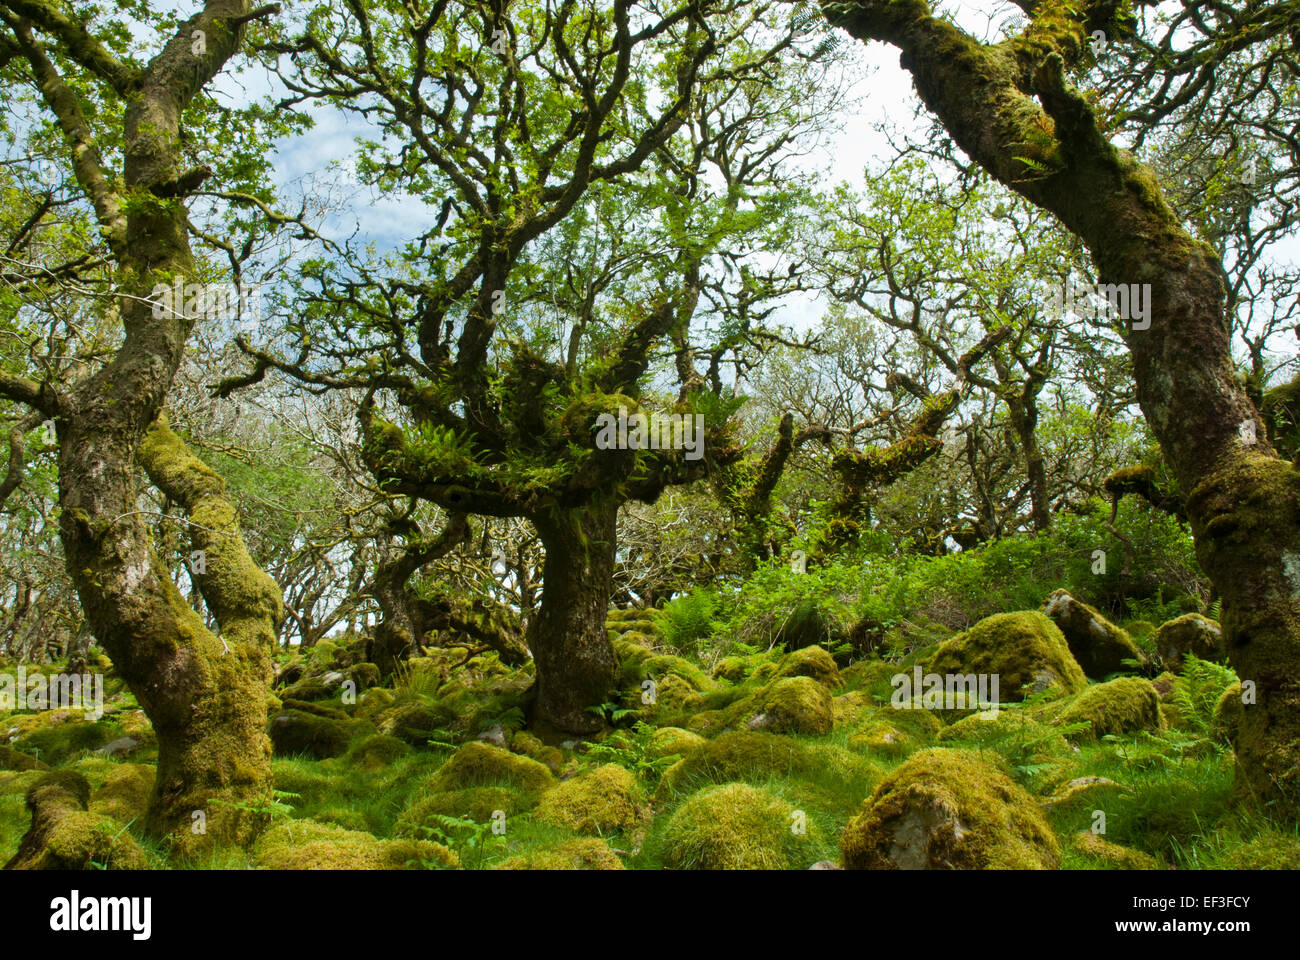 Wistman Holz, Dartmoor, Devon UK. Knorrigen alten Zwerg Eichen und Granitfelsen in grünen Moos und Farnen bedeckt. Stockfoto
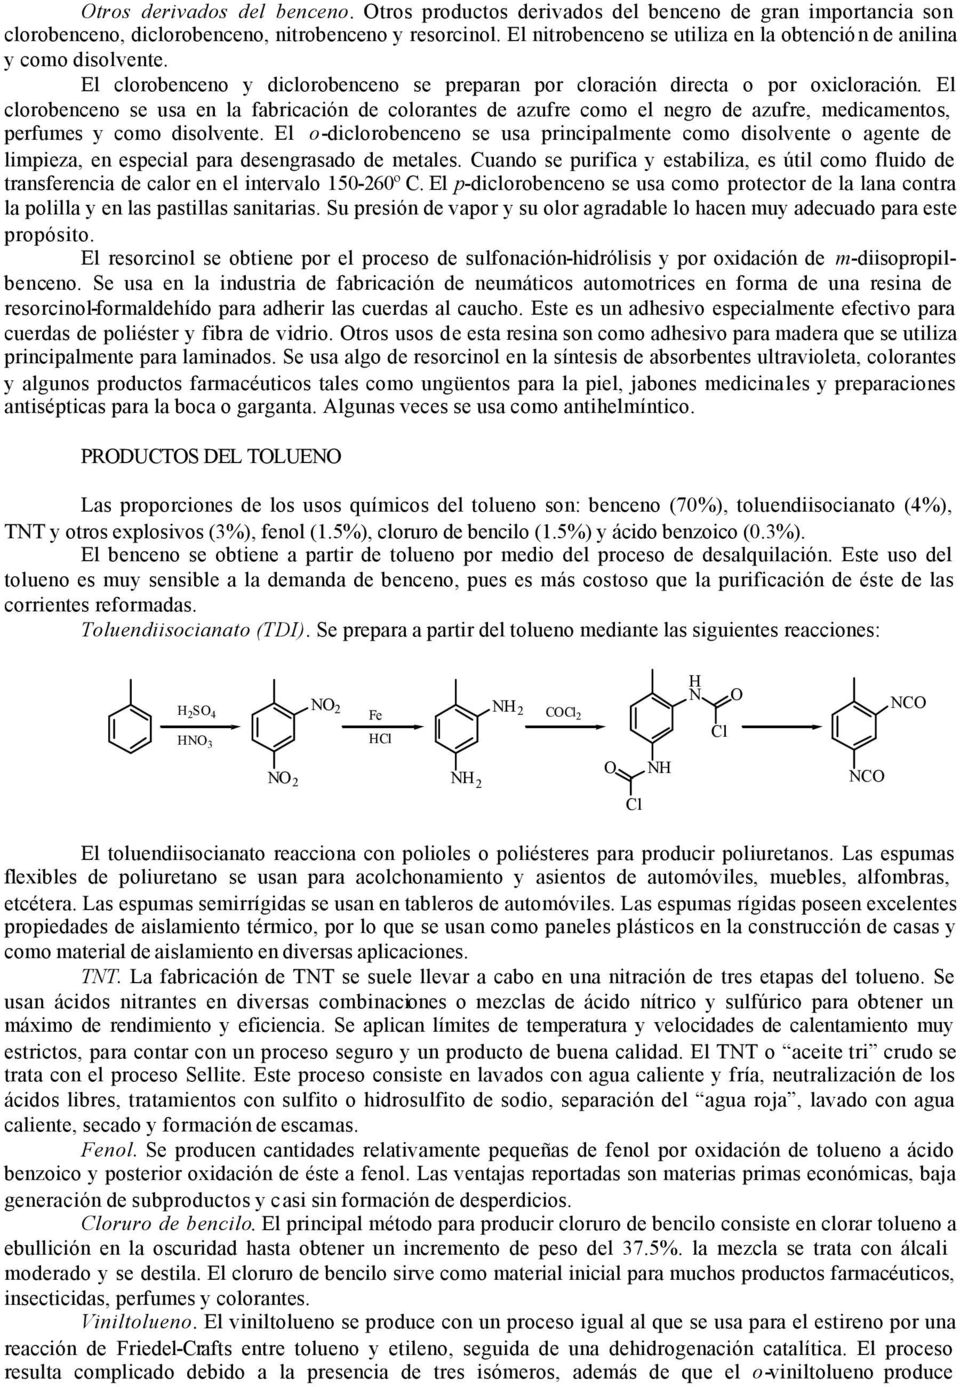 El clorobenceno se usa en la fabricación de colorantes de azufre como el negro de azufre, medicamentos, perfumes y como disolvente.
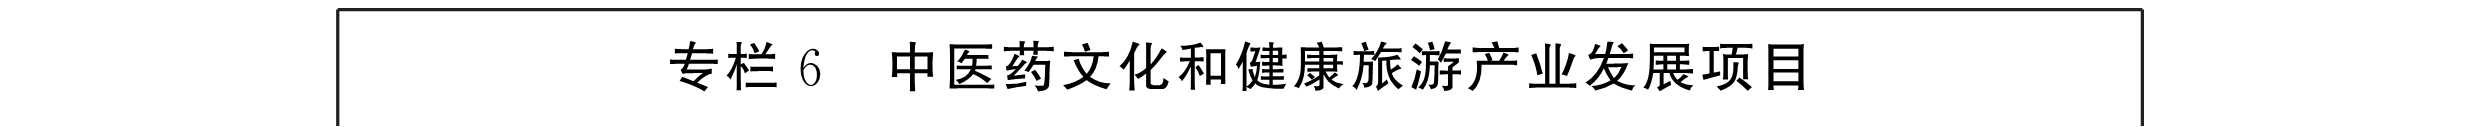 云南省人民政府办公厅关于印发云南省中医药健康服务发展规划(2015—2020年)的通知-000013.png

---

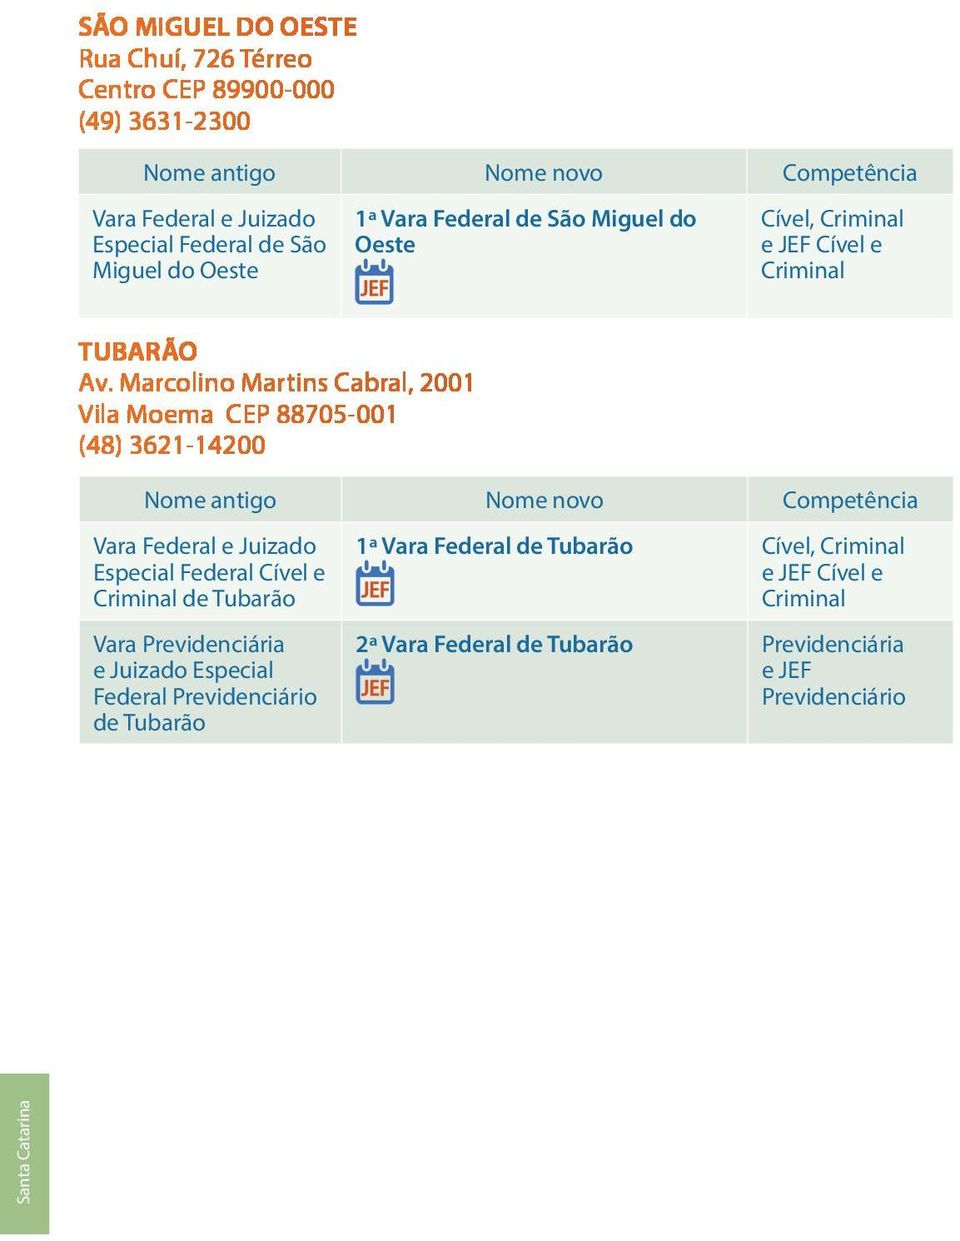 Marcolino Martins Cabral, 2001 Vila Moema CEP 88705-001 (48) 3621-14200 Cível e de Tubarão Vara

- INSTRUCTIONS TO FOLLOW: Within the data above, repeat exactly the lines from the one bearing "Wistman Holz, Dartmoor, Devon" through the one bearing "云南省人民政府办公厅关于印发". Include no pictures and nothing else.

- THE COMPLETED TASK:
 Wistman Holz, Dartmoor, Devon UK. Knorrigen alten Zwerg Eichen und Granitfelsen in grünen Moos und Farnen bedeckt. Stockfoto
 El clorobenceno se usa en la fabricación de colorantes de azufre como el negro de azufre, medicamentos, perfumes y como disolvente.
 云南省人民政府办公厅关于印发云南省中医药健康服务发展规划(2015—2020年)的通知-000013.png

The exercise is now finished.